How Facebook’s News Ban Is An Opportunity To Diversify Communications

How Facebook’s News Ban Is An Opportunity To Diversify Communications

In this guest post, Clarissa Harris (main photo), managing director at True Tribe argues that if anything good is to come out of this whole Facebook debacle it might be that publishers and agencies look at their comms as a whole…

Following Facebook’s bold move to ban news from Australian publishers on its platform, there’s been a lot of focus on the negative effects of the News Media Bargaining Code. For many publishers, particularly niche independent outlets, and some small businesses including charities and emergency services, Facebook traffic accounts for a good chunk of their audience, extending beyond regular readership. It’s rotten timing, irresponsible and quite frankly unfair.

I get it, it sucks. But I’m also a big believer that in every crisis there’s an opportunity. So, while we wait for the Australian government and Facebook to reach an agreement, let’s also look at this as an opportunity to diversify your communications. Don’t focus all your energy on one stream. Integrate your approach and build audiences in many places. If 2020 taught us anything – let’s keep proactive.

If you’re a publisher or small business that previously used Facebook as a vital channel to disseminate your news, then I encourage you, if you haven’t already, to relook your communications and open yourself up to new opportunities. Here are four quick ways to help diversify your communications.

Grow your email list

As all digital marketers know, email is gold.
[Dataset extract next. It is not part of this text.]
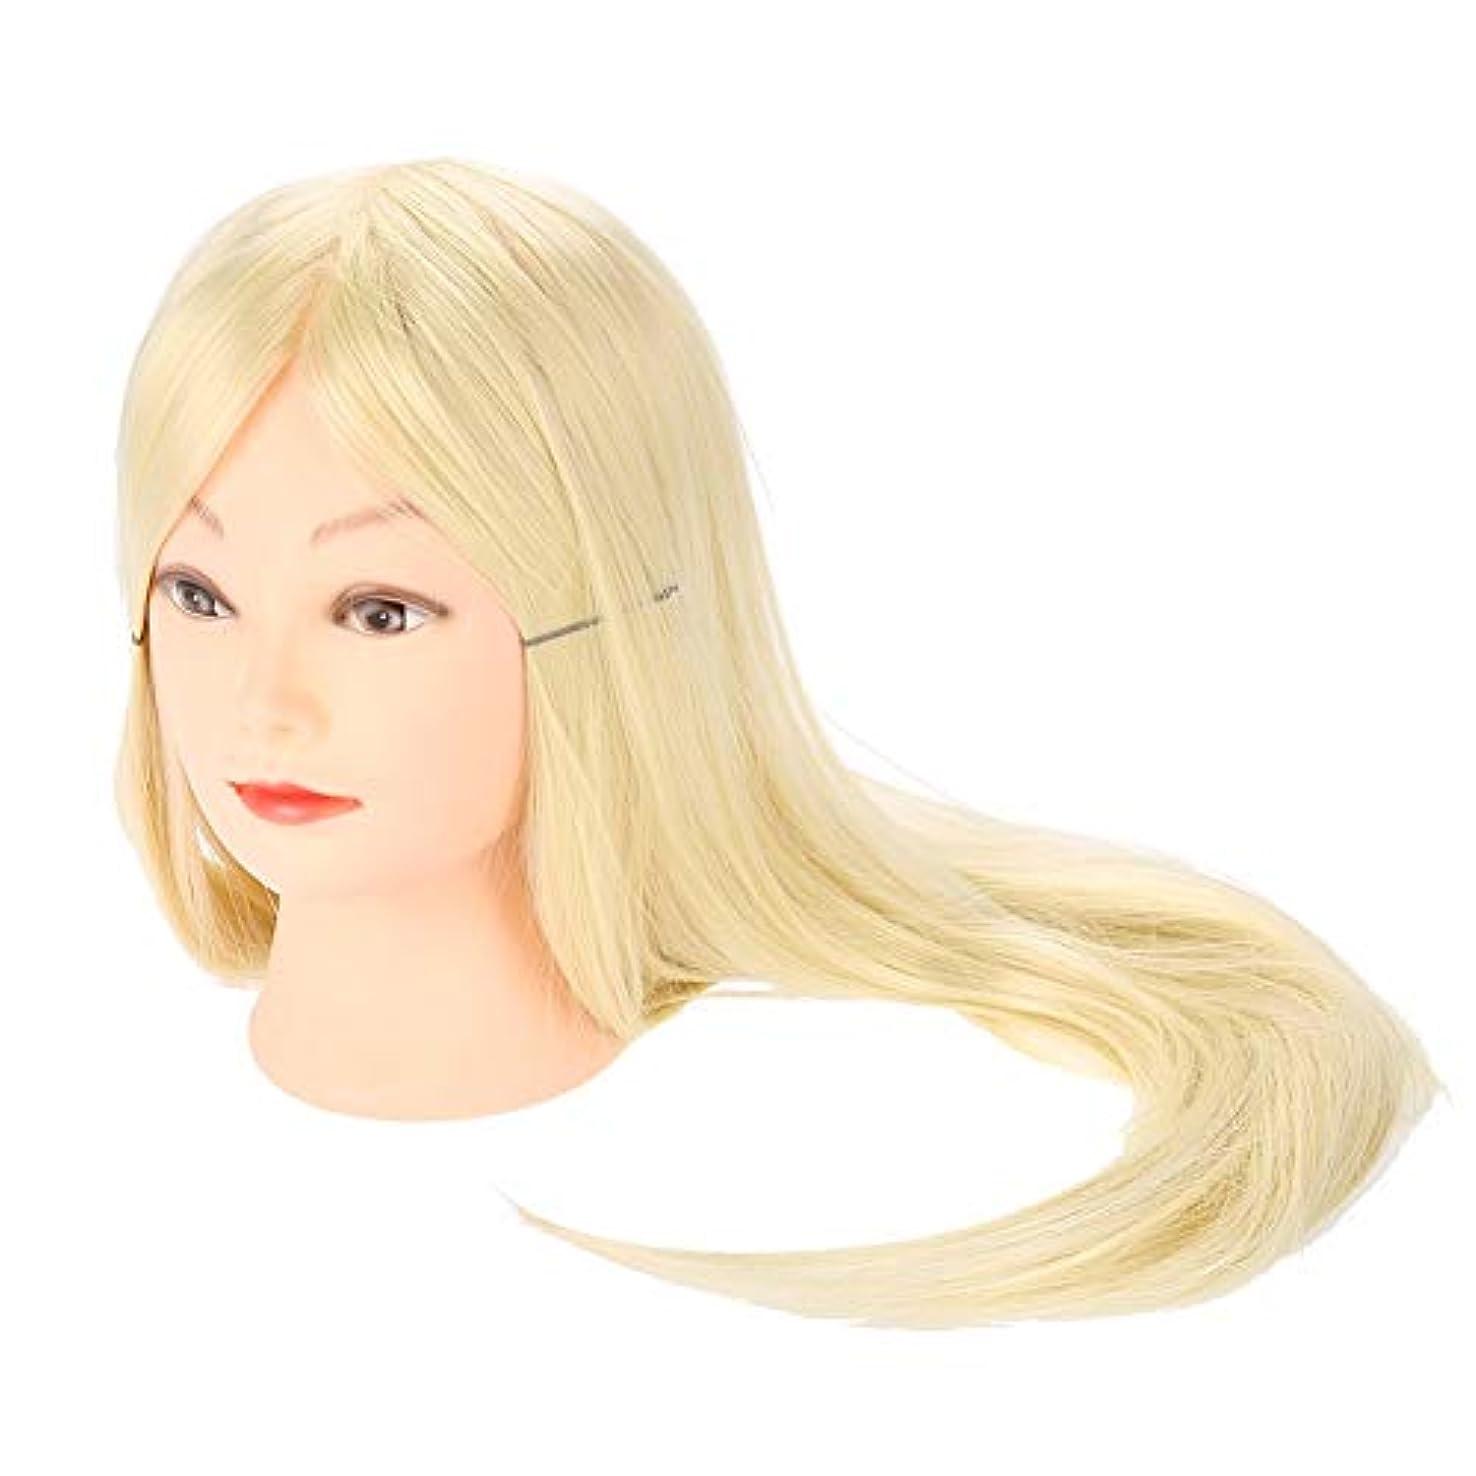 ハーブよろめく役に立たない編み込み練習用 モデルロングヘア理髪 編組セットツール 美容室サロン ウィッグマネキンヘッド メイクトレーニング用 ヘア編み込み ダミーヘッド レディウィッグ レディー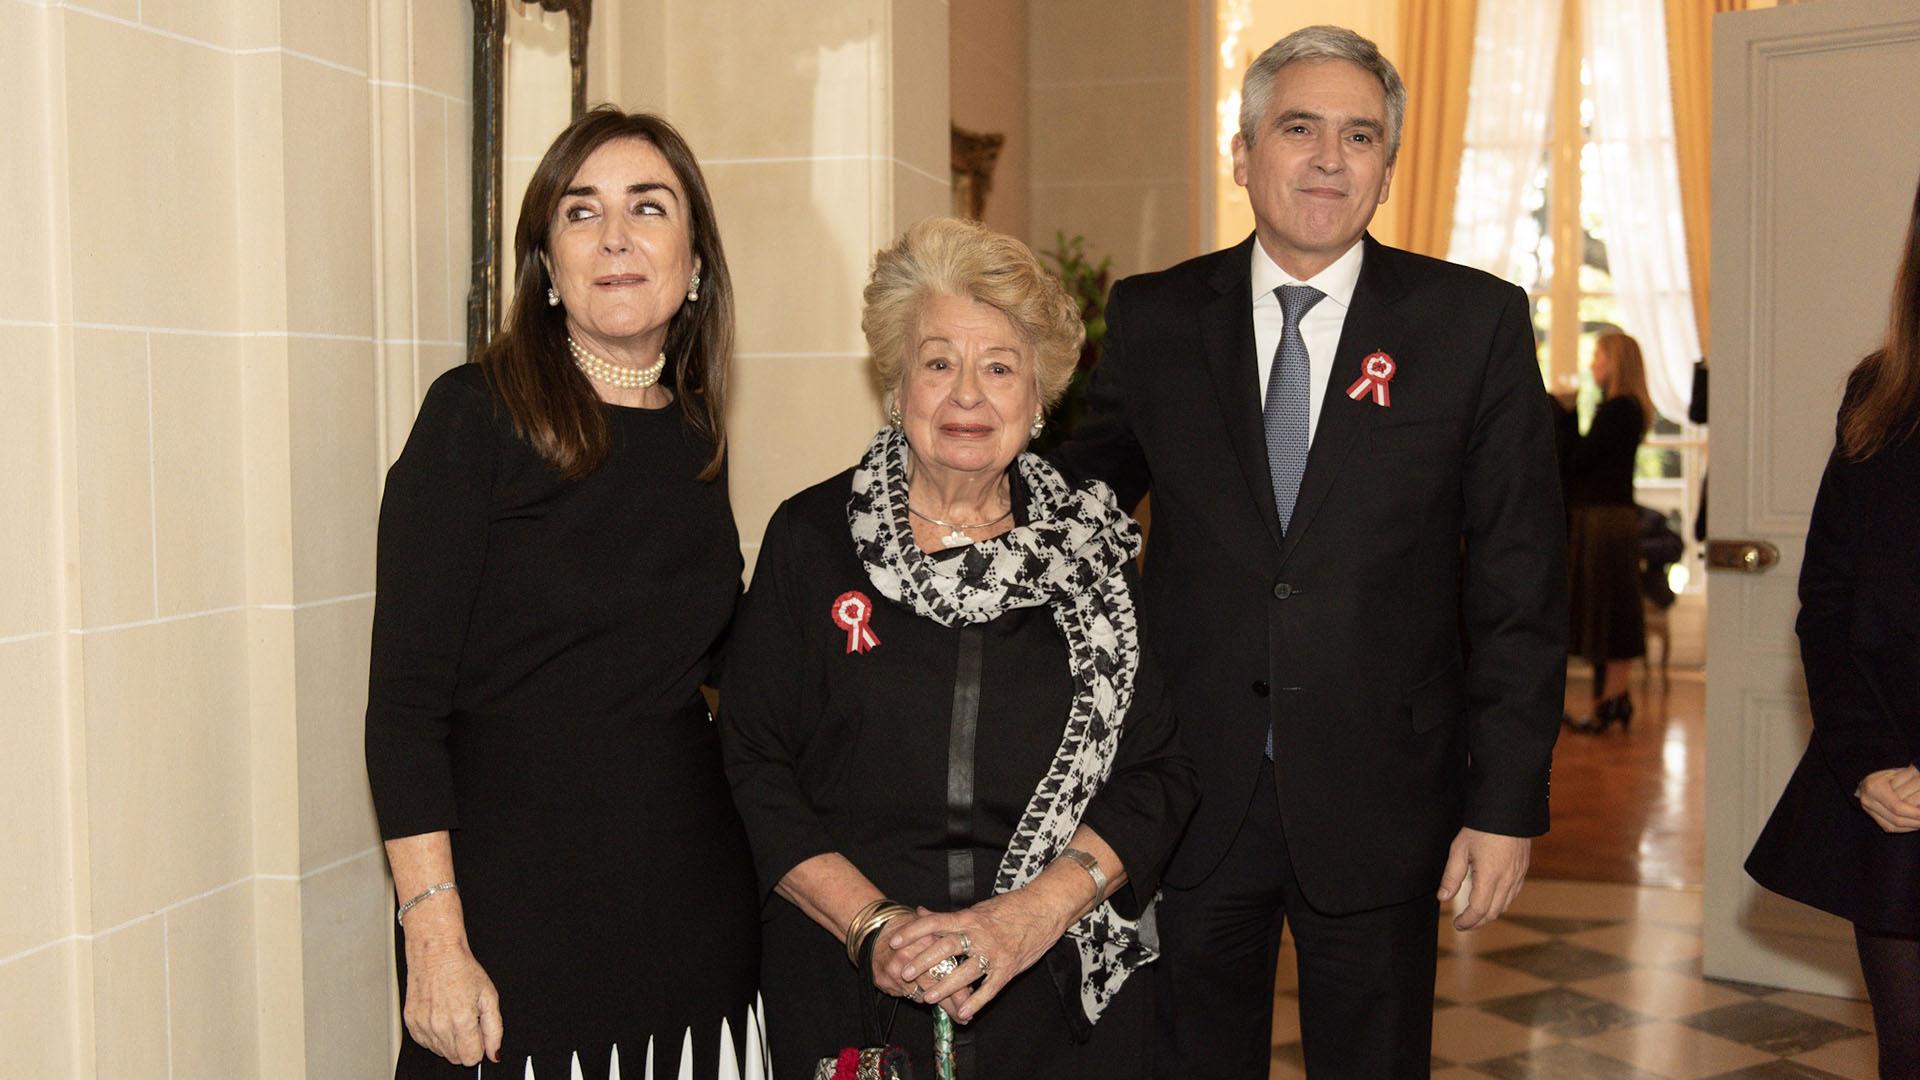 Carmen Callirgos de Steinmann, presidenta de la asociación sin fines de lucro Damas Peruanas en Argentina

It’s free, direct access to your audience. No need for funnels, sponsorship, ads, nada. If you haven’t already, set yourself up on an eDM platform (Mailchimp or Campaign Monitor are great for beginners) install a lead magnet to encourage users to sign-up to your newsletter, and disseminate important information in one neat and tidy daily email.

Educate your readers

Roughly 39% of Australians use Facebook to get news, according to a 2020 report by the News and Media Research Centre at the University of Canberra in Australia. While Facebook claims that news makes up less than 4% of the content people see in their News Feed, there will be quite a few missing it from their feeds. So get vocal, install a clear pop-up on your website outlining exactly how you are affected and how readers can reach you.

Go where your audience is

If Facebook has been your ride or die, it’s time to show some TLC to some of the other up-and-comers making it to the scene. Professional-networking apps like LinkedIn and Clubhouse are booming among newshunters for a reason. People want authentic, important journalism straight from the source. While still in their infancy when compared to social media giant Facebook, audiences are highly engaged and organic engagement is plentiful.

Expand your reach with the help of your team

Encourage your journalists or freelancers to relay their take by setting up their own independent platforms like podcasts, social media profiles and websites. This does two things. Gives a more personalised view on

topics but on the flip also reminds us that behind every piece there is a human. It provides a second channel for audiences outside of your subscription base to reach your article online.

As consumers, we can also use this opportunity to revisit how we get our information. Here are some ways you can support diversity in Australian media landscape and journalism that matters.

• If you haven’t already subscribe to an ongoing membership • Sign up to the outlet’s e-newsletter
• Add the outlet’s link to your bookmarks
• Get syndicated news on your smartphone
• Follow outlets and journalists on other social media channels
• Share important articles in your network via Messenger and WhatsApp
• Keep the conversation going. Use your voice to call on the government to take action.